### TASK GOAL
An acceptable answer repeats exactly the line containing "Man in blue" and all lines that follow it in the listing below, and it includes no pictures.

** Opening COLLECTED MATERIAL block **

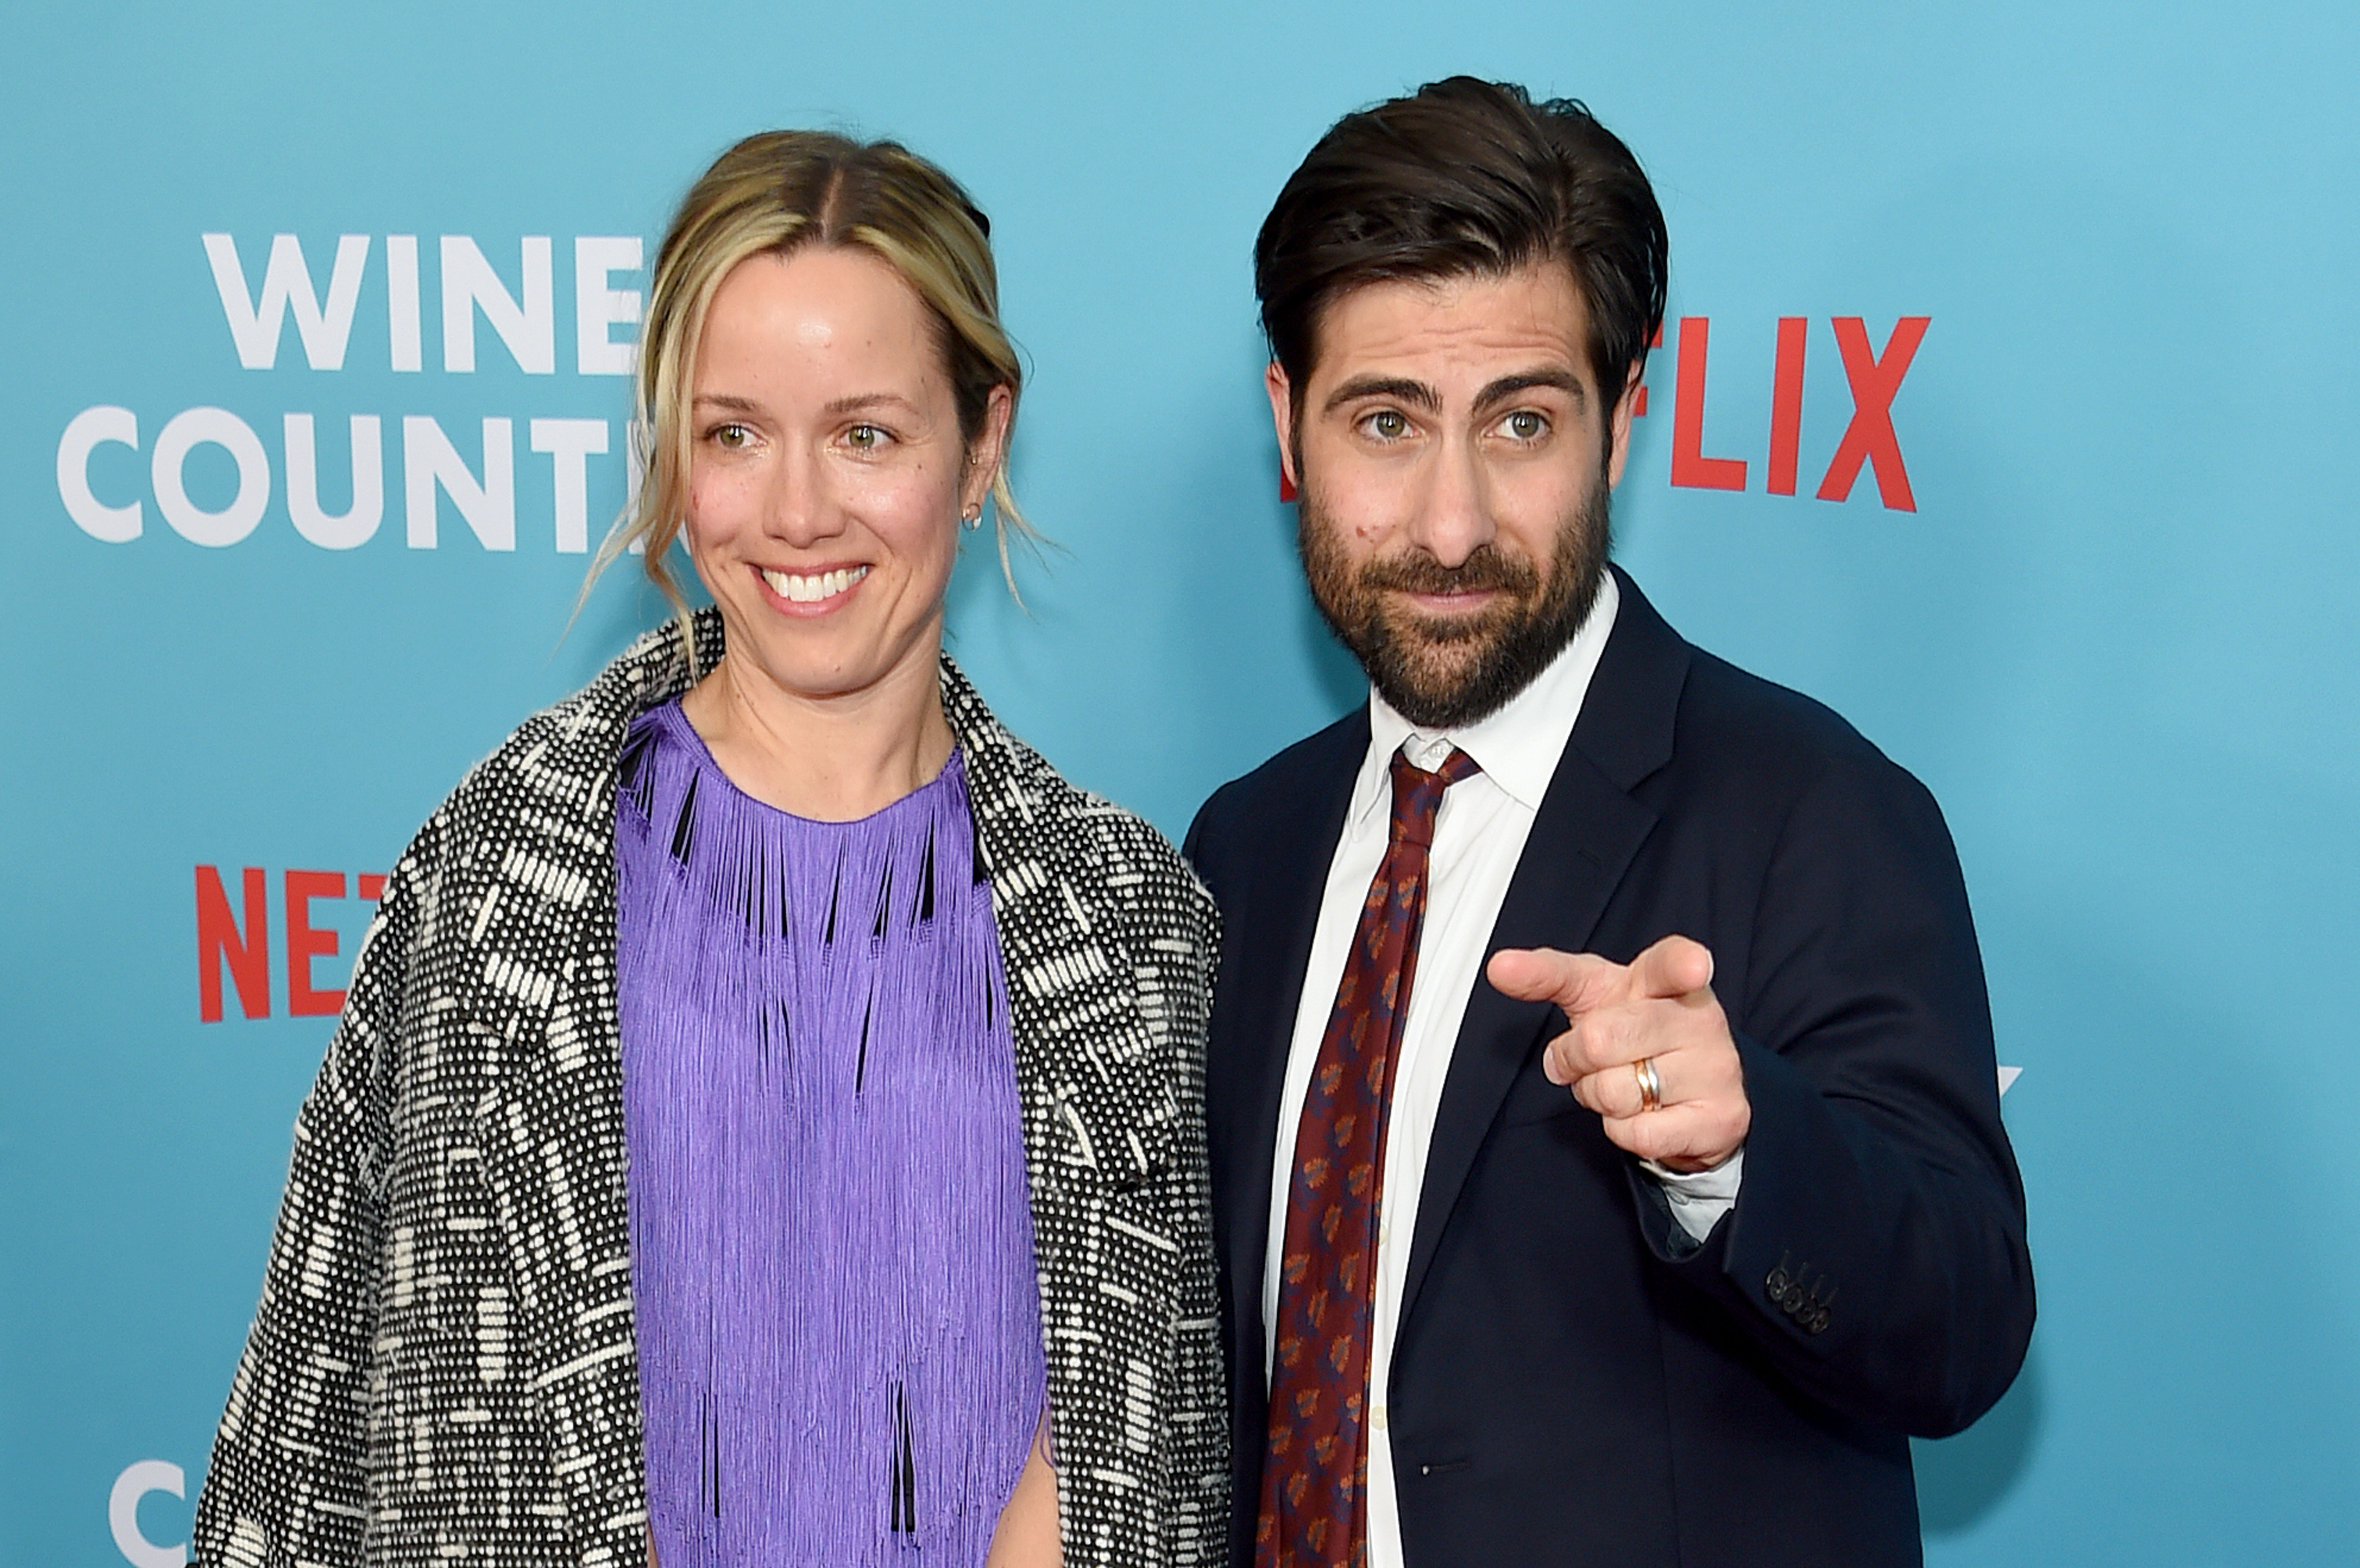 Brady Cunningham and Jason Schwartzman attend the "Wine Country" world premiere at Paris Theatre, on May 8, 2019, in New York City. | Source: Getty Images
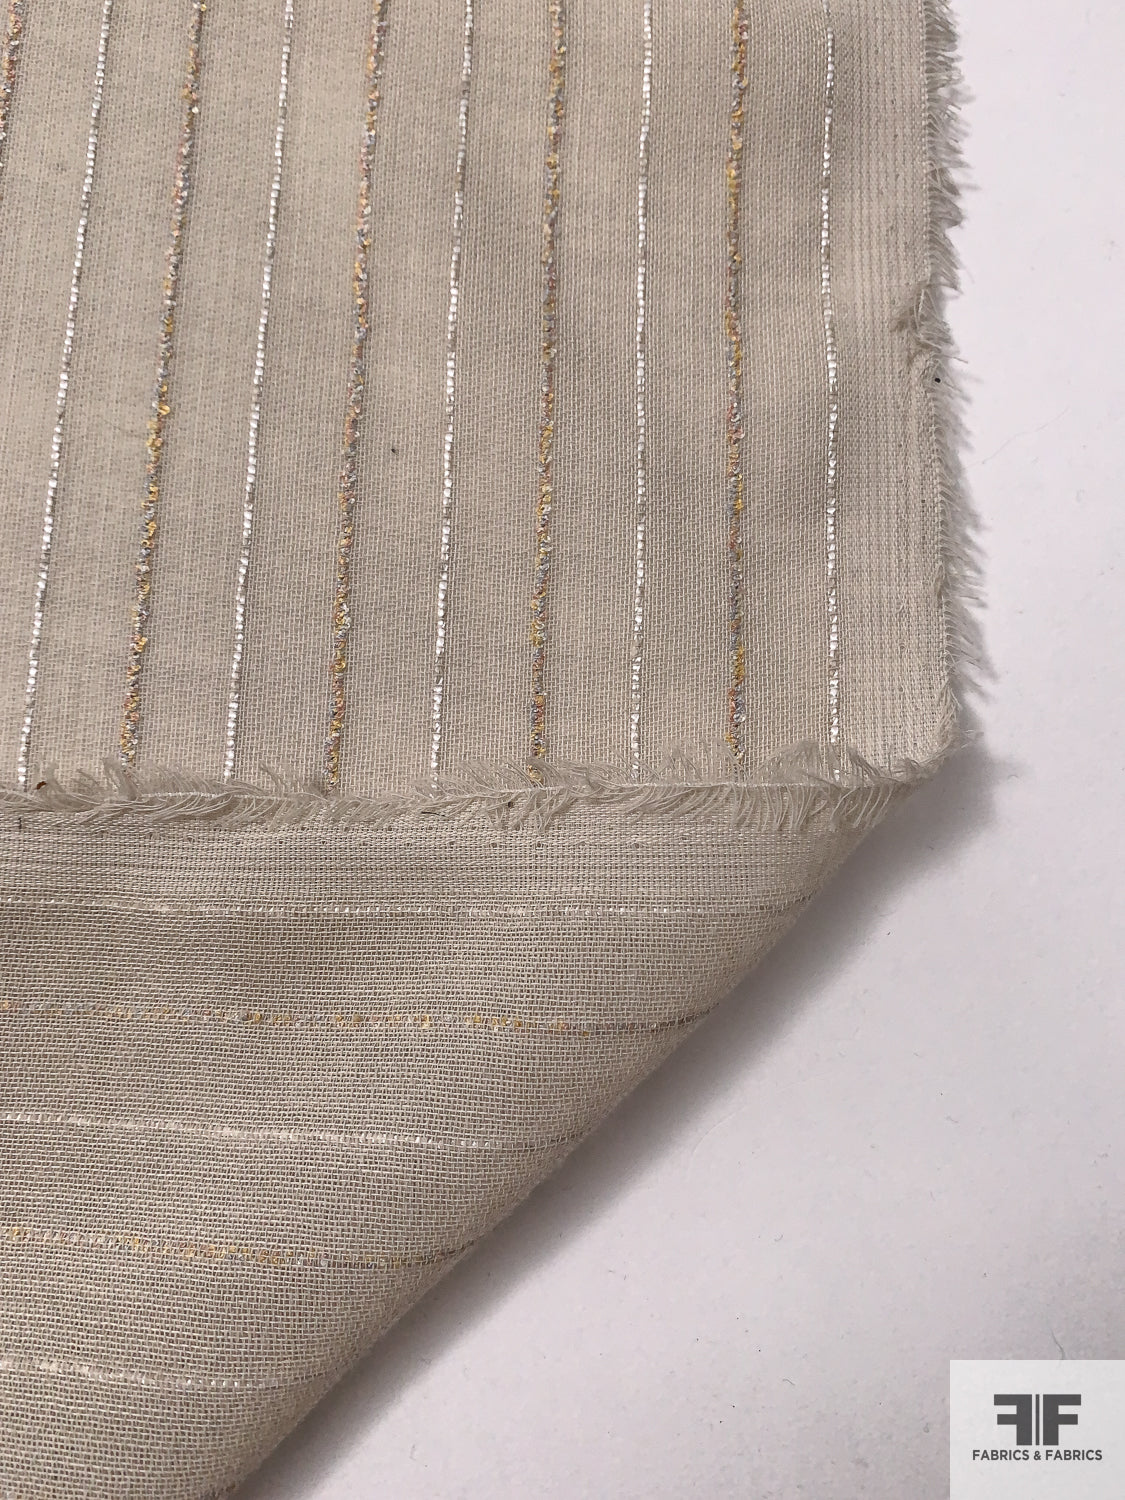 Italian Plain-Weave Virgin Wool Blend Suiting with Textured Striped Design - Beige / Marigold / Off-White
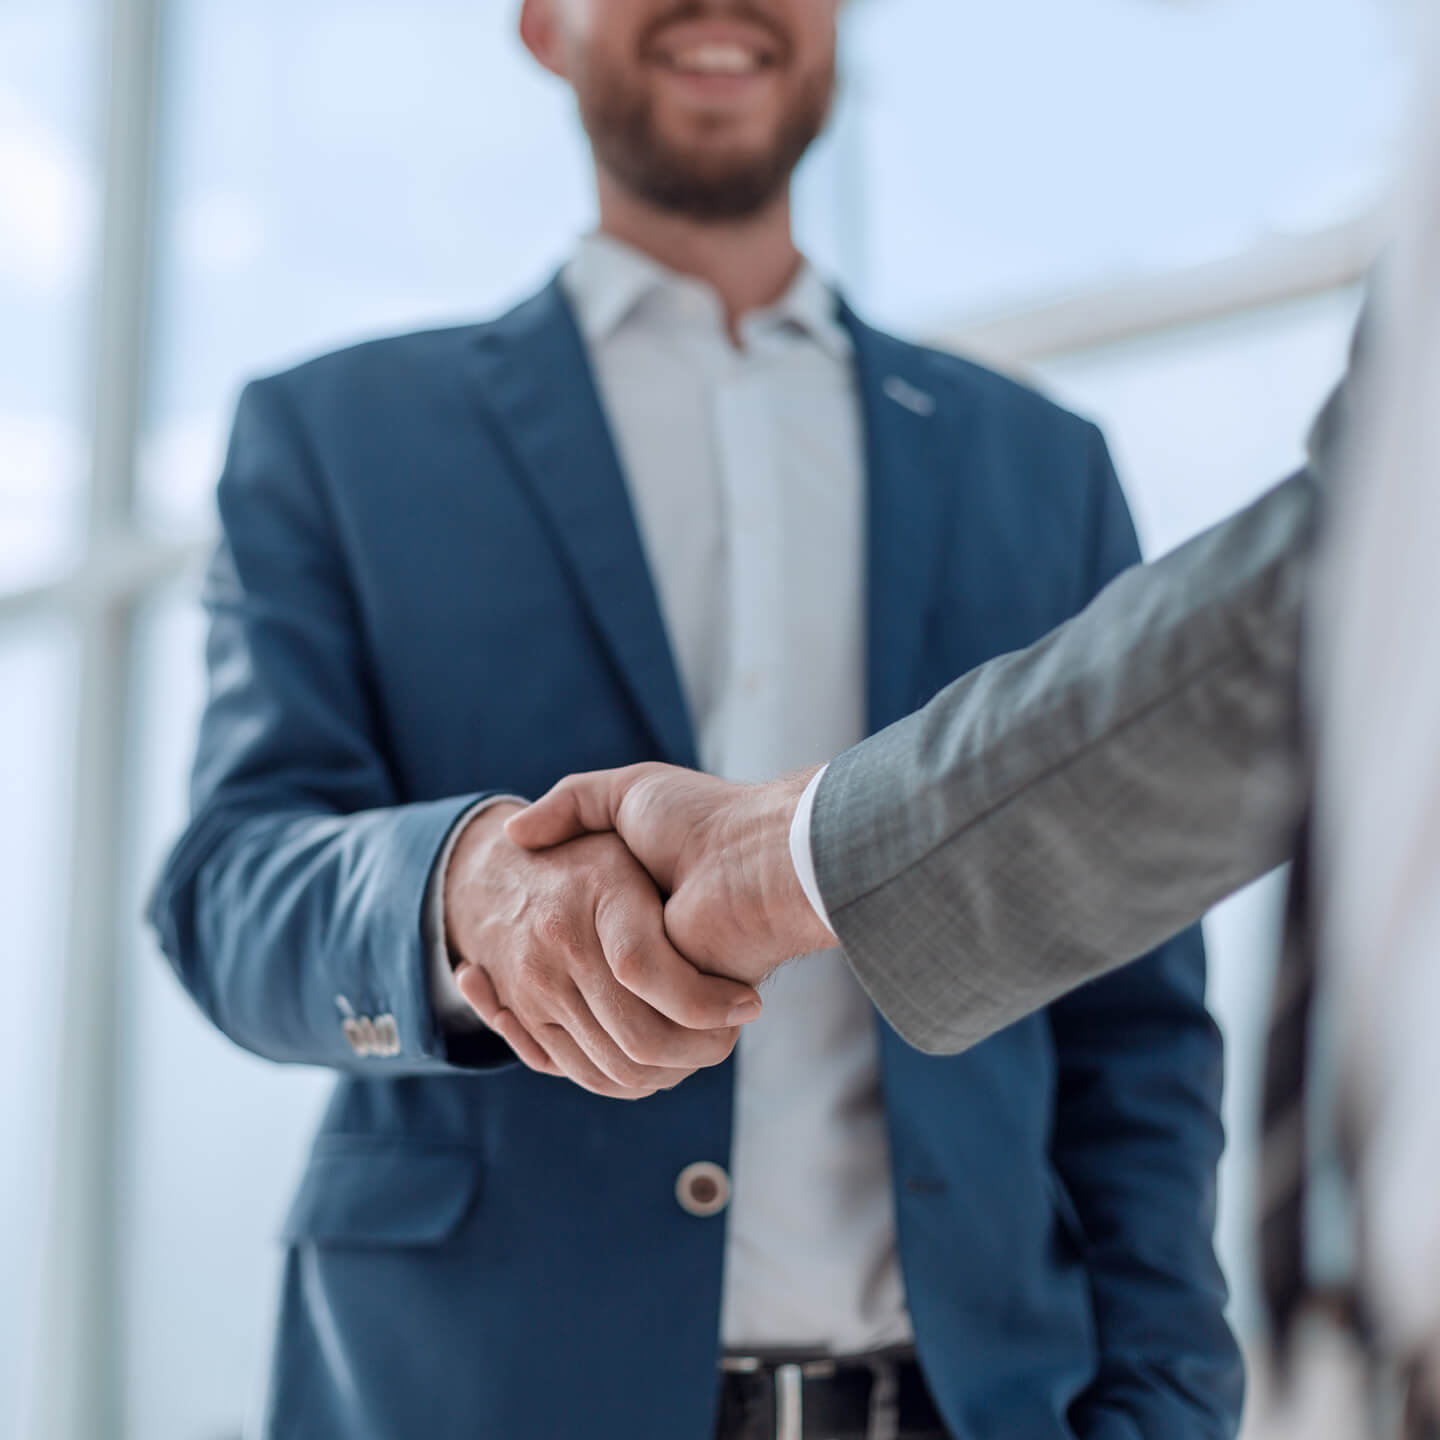 Man in blue suit shakes hands with business partner
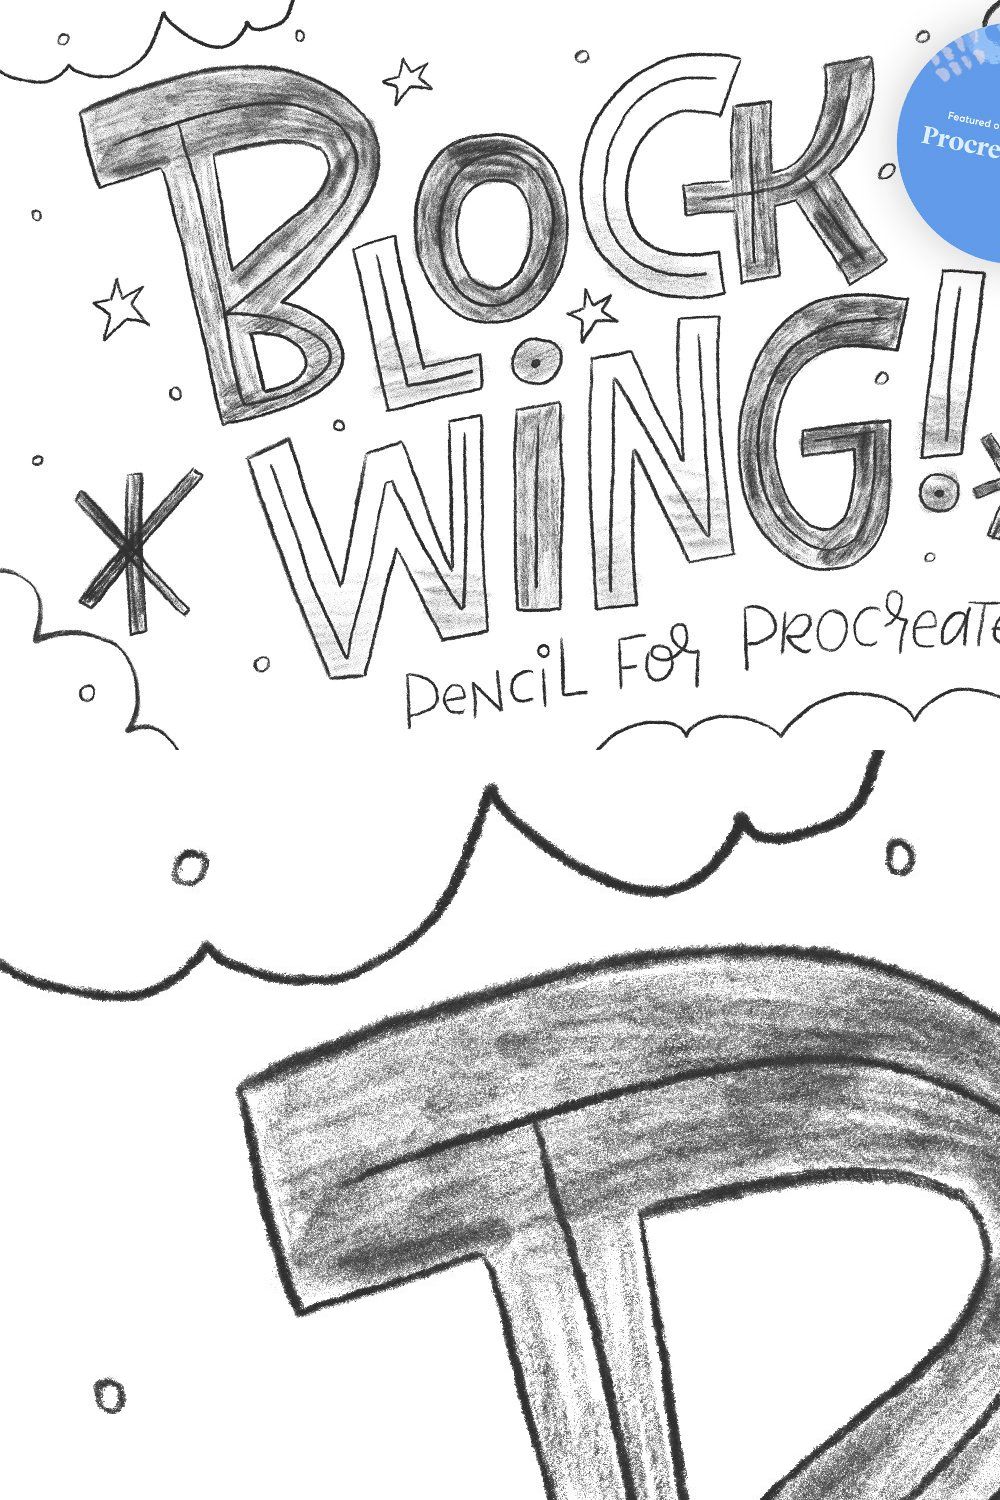 Blockwing Procreate Pencil Brushes pinterest preview image.

** Closing COLLECTED MATERIAL block **

### EXERCISE RESPONSE
 Man in blue suit shakes hands with business partner
 Blockwing Procreate Pencil Brushes pinterest preview image.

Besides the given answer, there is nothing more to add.